Specter’s Rise Appears Secure
The prospect of an imminent Supreme Court vacancy has dramatically raised the stakes in selecting the next Senate Judiciary chairman and added new fuel to the battle over changing Senate floor procedures on filibusters.
Sen. Arlen Specter (R-Pa.), who is in line to take over the panel, appeared to have stabilized his position late last week after complicating his elevation with a series of post-election remarks casting doubt on the confirmation prospects of any nominee who opposes the landmark Roe v. Wade ruling.
No effort emerged from within the Republican Conference last week to prevent Specter from taking the gavel, although outside conservative interest groups began a furious effort to deny Specter, a longtime supporter of most abortion rights, the chairmanship.
With conservative activists viewing their efforts at the polls as the cornerstone of the GOP’s victories Tuesday, some aides and GOP allies outside the Senate said Specter’s standing would remain solid as long as he had the support of Sen. Rick Santorum (R-Pa.), chairman of the GOP Conference and the most prominent social conservative in the chamber.

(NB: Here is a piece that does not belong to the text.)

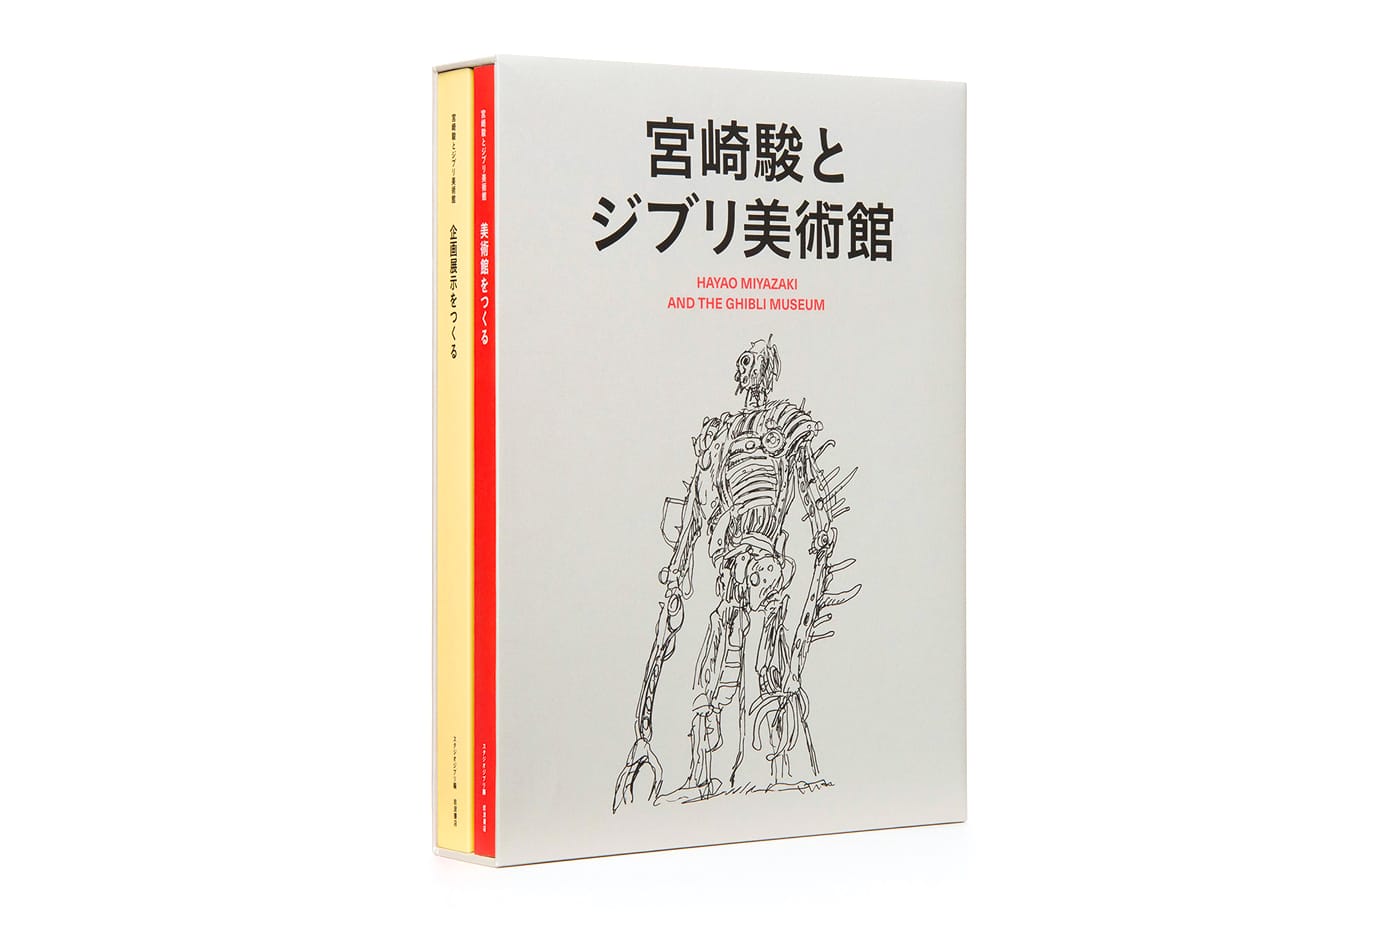 Hayao Miyazaki And The Ghibli Museum Art Book Review Part II - Halcyon  Realms - Art Book Reviews - Anime, Manga, Film, Photography

After prodding Specter to issue a clarifying statement last week — rejecting an abortion “litmus test” and citing his votes for every nominee President Bush has sent to the Hill to date — Santorum issued his own release defending Specter and providing him needed political cover.
As one GOP aide put it, Specter’s ascension to the chairmanship appears a done deal “if Santorum seems OK with it.”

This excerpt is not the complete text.